Schematic representation of human iPSCs as models for studying cardiomyopathy iPSCs are derived from the skin or blood cells of donors to capture their genetic backgrounds. By introducing reprogramming factors, such as OCT4, SOX2, KLF4, and c-MYC, into a specialized patient’s cells (e.g., fibroblast), the somatic cells were reprogramed to iPSCs. The patient-derived iPSCs can subsequently be differentiated into specialized cells (e.g., cardiomyocytes). To generate isogenic patient-derived iPSC lines, certain genetic alterations can be performed utilizing genome editing tools, such as CRISPR-Cas9. The iPSC-derived cells can be characterized to identify disease features and investigate underlying causes. The iPSC-CMs are donor specific, enabling the establishment of genotype-phenotype connections and providing a tailored drug-screening platform for personalized patient therapy. iPSCs, induced pluripotent stem cells; iPSC-CMs, induced pluripotent stem cell-derived cardiomyocytes.

Figure 5

Potential therapeutic targets of cardiomyopathy TGF-β is a critical profibrotic molecule.
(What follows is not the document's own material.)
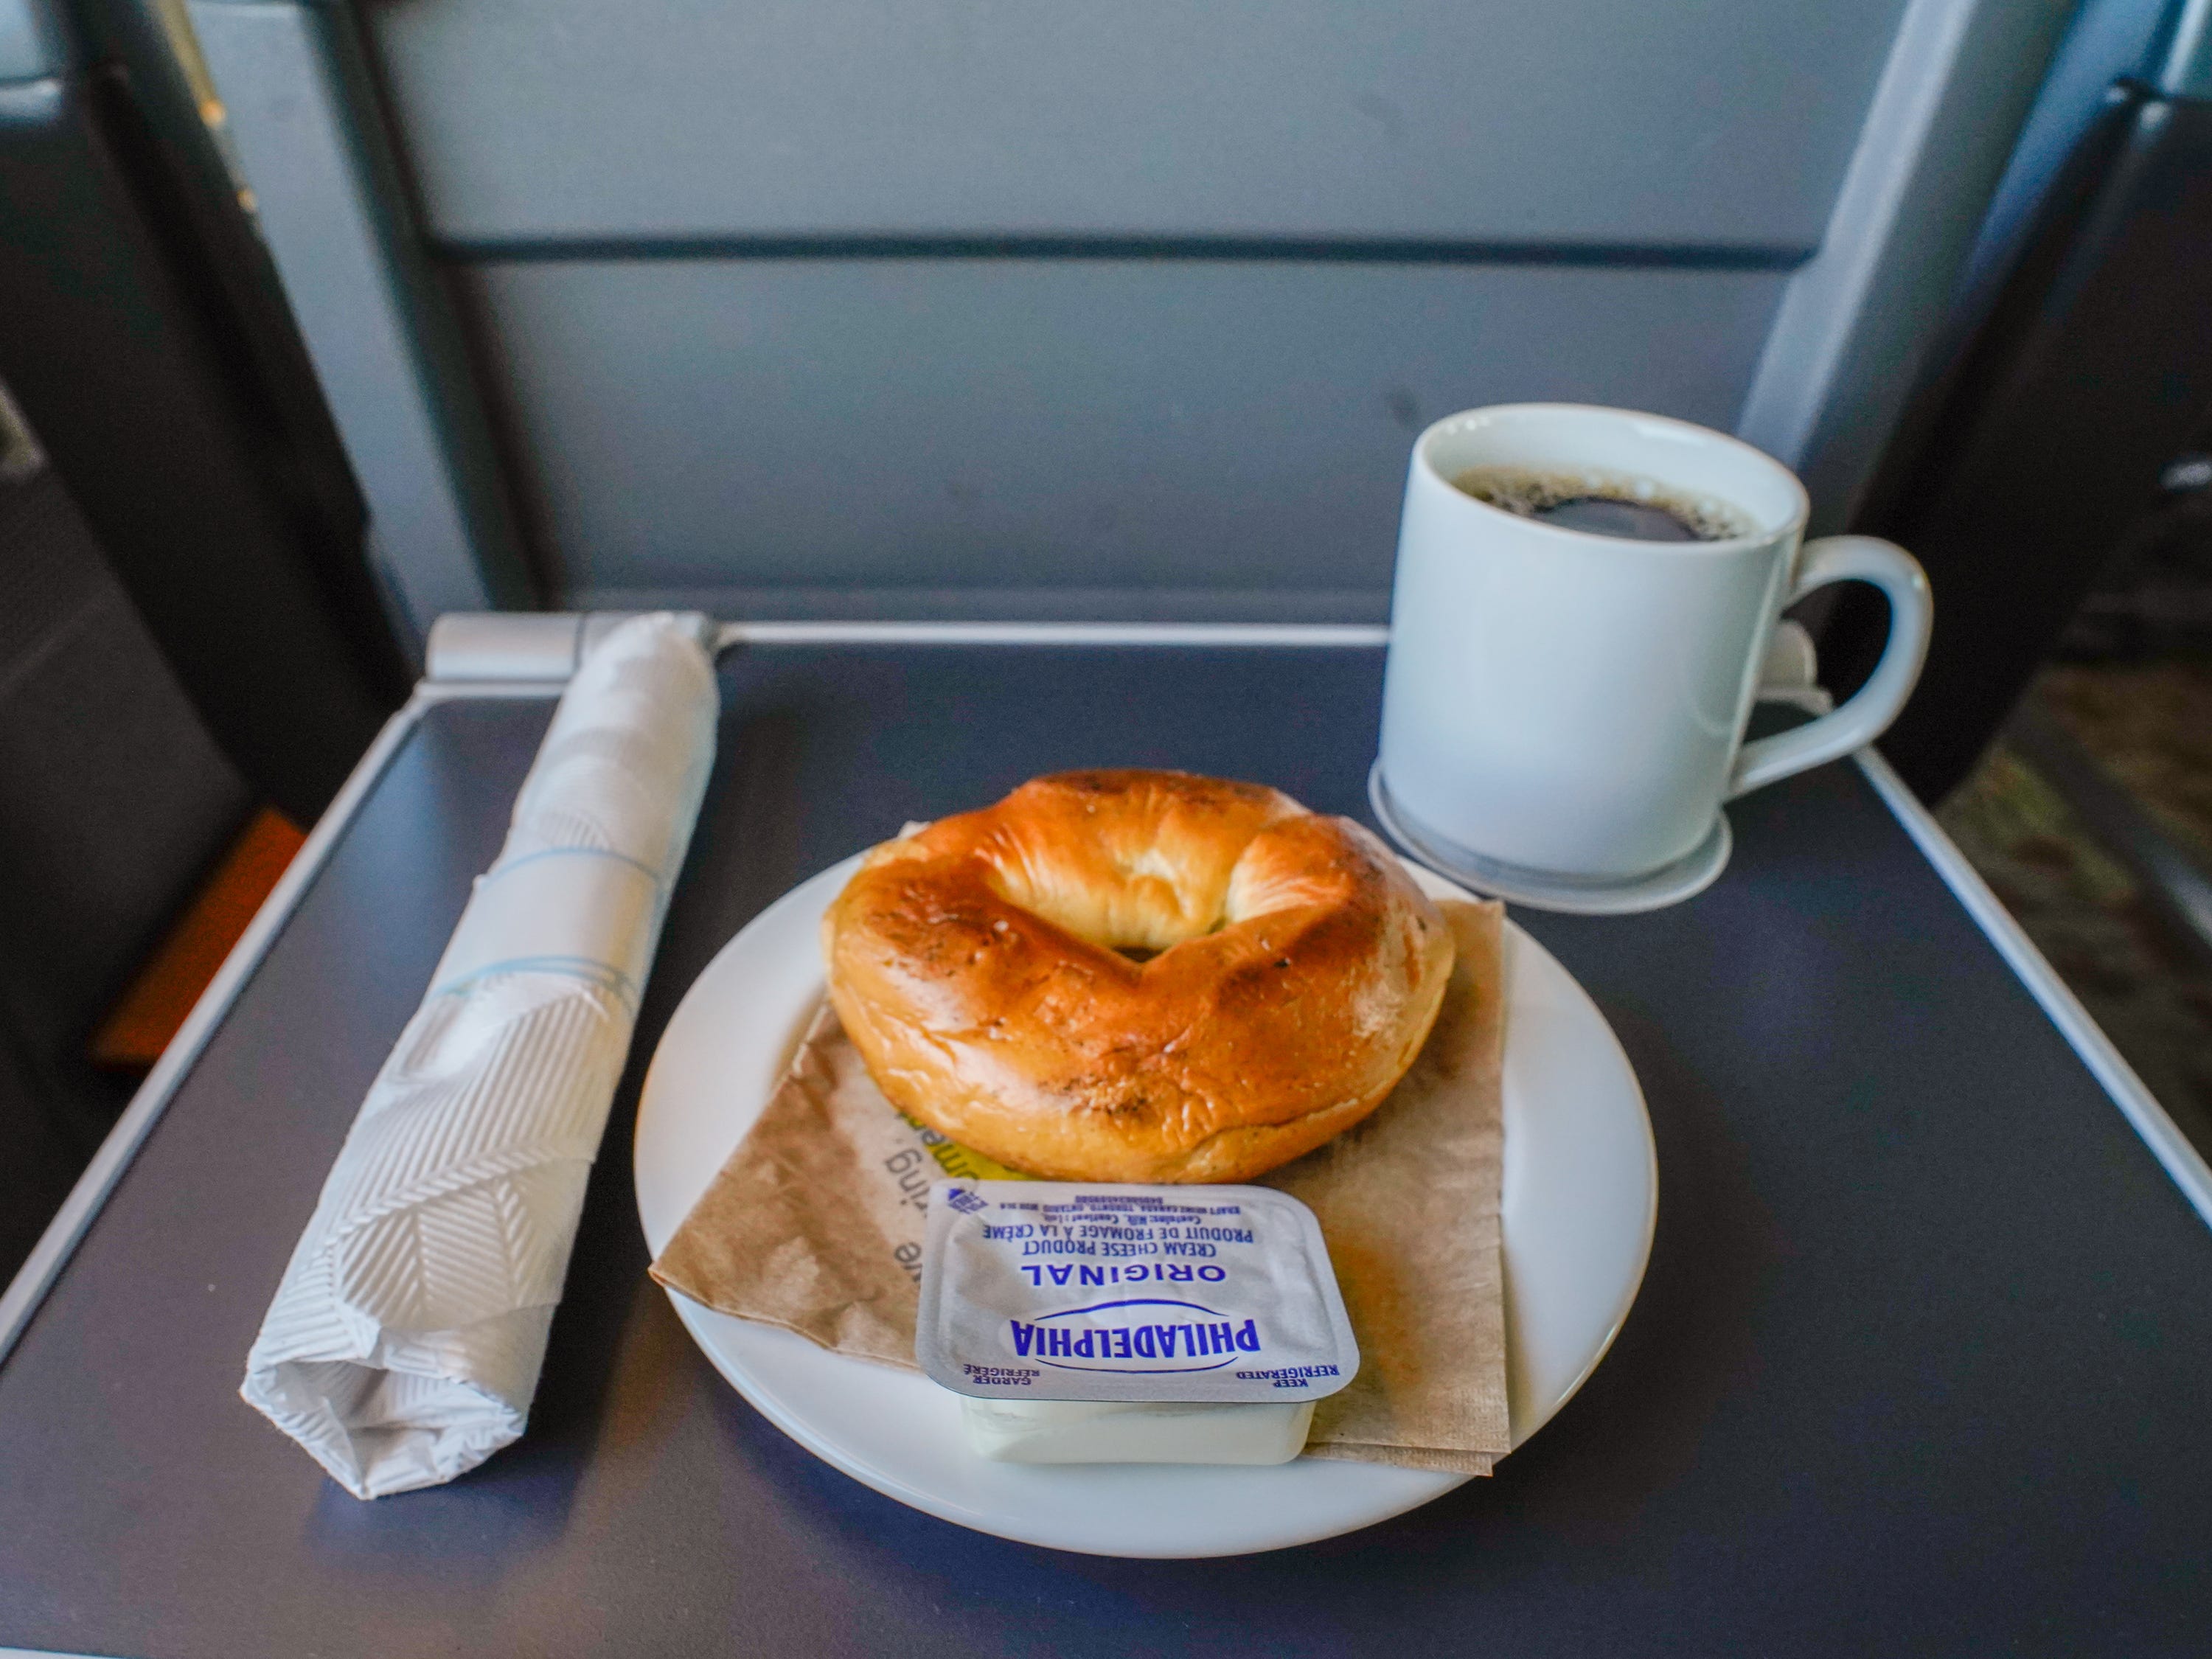 Then it was time for breakfast. Unlike Amtrak's business-class fares, Via Rail's ticket comes with complimentary meals brought to my seat. The train served a warm bagel with cream cheese. It was no New York bagel, I thought, but it was decent and filled me up.

ECM remodeling and fibrosis represent crucial pathological features of HF, with the cardiac ECM offering a unique opportunity for therapeutic intervention. Alterations were observed in Clip1, a downstream target of TGF-β, in the context of cardiac ECM remodeling. Proteoglycans play a pivotal role in cardiac matrix remodeling and fibrosis and may represent a promising avenue for therapeutic intervention. ADAMTS proteases have been identified as pivotal for versican degradation and ECM-mediated intercellular communication in the heart. In addition, the sarcomeric structure is essential for heart function. HDAC6-mediated deacetylation reduces myofibril stiffness, and microtubule inhibitors may possess cardioprotective properties. Furthermore, metabolic remodeling contributes to HF development under hemodynamic stress. It has been proposed that enhancing PKM1-mediated glucose metabolism, pharmacologically activating PKM2, and the myocardial bioenergetics downstream of Rev-erb may represent potential therapeutic targets for HF treatment. Reproduced from Kessler et al. by permission of the publisher Oxford University Press. Reproduced from Lin et al., Schuldt et al., Li et al., and Tang et al. by permission of the publisher Wolters Kluwer Health.